Reduces round trips to the IDARS Systems. (Integrated Document Archival And Retrieval System) StreamDDB will reduce the number of round trips made to your document storage system. By reducing round trips to the document storage system, companies are able to reduce the demand on their system, and will ultimately use fewer vendor user licenses.

Document cache

When an application requests a document from StreamDDB, it first checks its LRU (Least Recently Used) cache. If the document is found in cache, no call is made to the Document Server. If the document is not found in cache, StreamDDB requests a connection from the connection pool and then retrieves the document and stores it in the LRU cache.

ResultSet cache

The resultset cache is similar to the document cache. In this case resultsets are cached, so that multiple requests for the same resultset do not pay the penalty for downstream calls to the document server.

Connection Pooling

Generally a round trip is required to “logon” to the Document Server another to “logoff” from the server. By initializing and pooling document server connections at system start up, StreamDDB is able to eliminate the unnecessary round trips for logons and logoffs to the document server.

Failover

StreamDDB customers can configure multiple instances of StreamDDB to handle their system demand StreamDDB leverages the Publish and Subscribe model to provide failover between the DDBClient and the DDBServer. If a DDBServer goes down, the DDBClient will automatically reroute the request to another available DDBServer instance. Likewise when a DDBServer is made available the DDBClient will automatically start routing request to the given server based upon the load balancing strategy defined in the configurations files.

Scalability

The StreamDDB architecture can scale horizontally to as many StreamDDB servers as are required to meet the demand. StreamDDB servers can be co-located on the same machine as the application or on separate machines. This horizontal approach to scaling, allows companies to distribute their load as demand increases.

Load Balancing

StreamDDB has implemented two types of load balancing: “Round Robin” and “Preferred List”. The Round Robin load balancing type will distribute load evenly to the DDBServer instances.
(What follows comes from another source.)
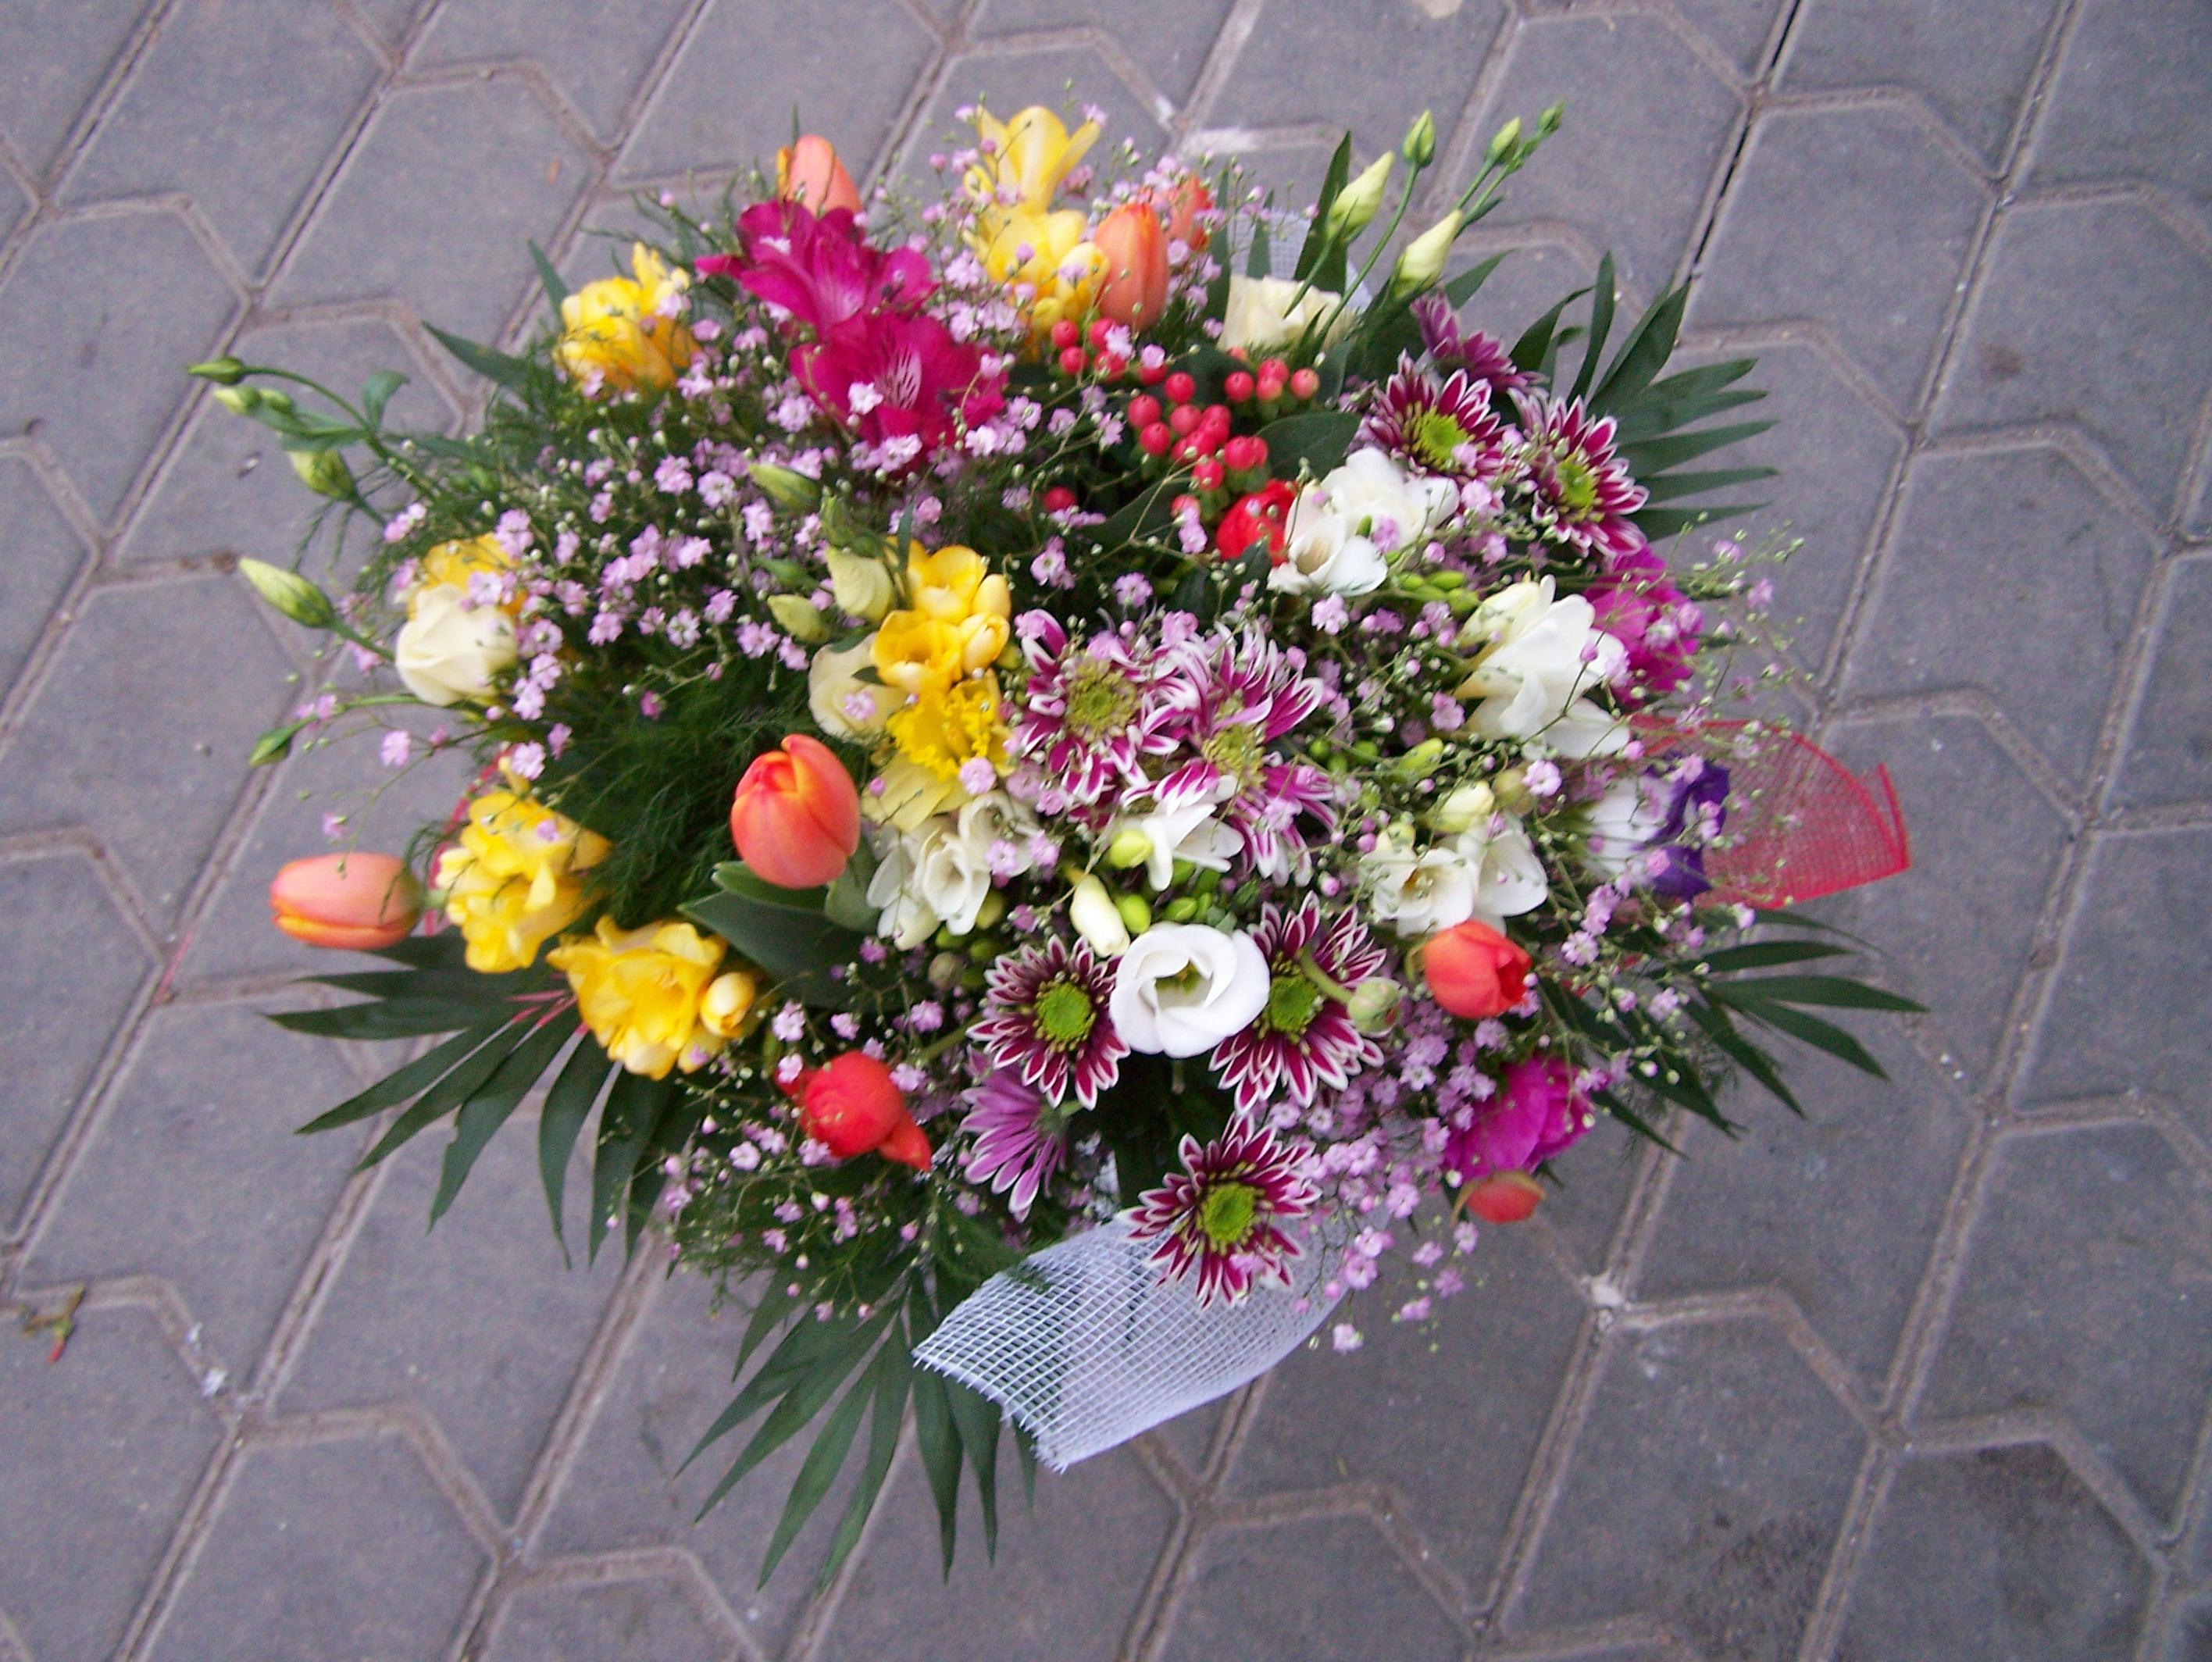 Aranjamente florale - Aranjamente florale

The Preferred List will always attempt to route requests to the first available DDBServer in the list. Should the “preferred” DDBServer instance become unavailable the next available server in the list will be used. Preferred server is popular with companies who may have their application and StreamDDB server co-located on the same machine. This type of configuration can reduce network traffic between the DDBClient and the DDBServer.

Stability

The sections above that describe Failover, Scalability, and Load Balancing all contribute to the overall picture of providing a stable production environment. With failover, should one server fail the system rolls over to another active server accepting requests. With the ability to dynamically add new DDBServer instances to meet demand, the system scales horizontally very easily. By simply modifying the client configuration file, the system can balance load between DDBServer instances.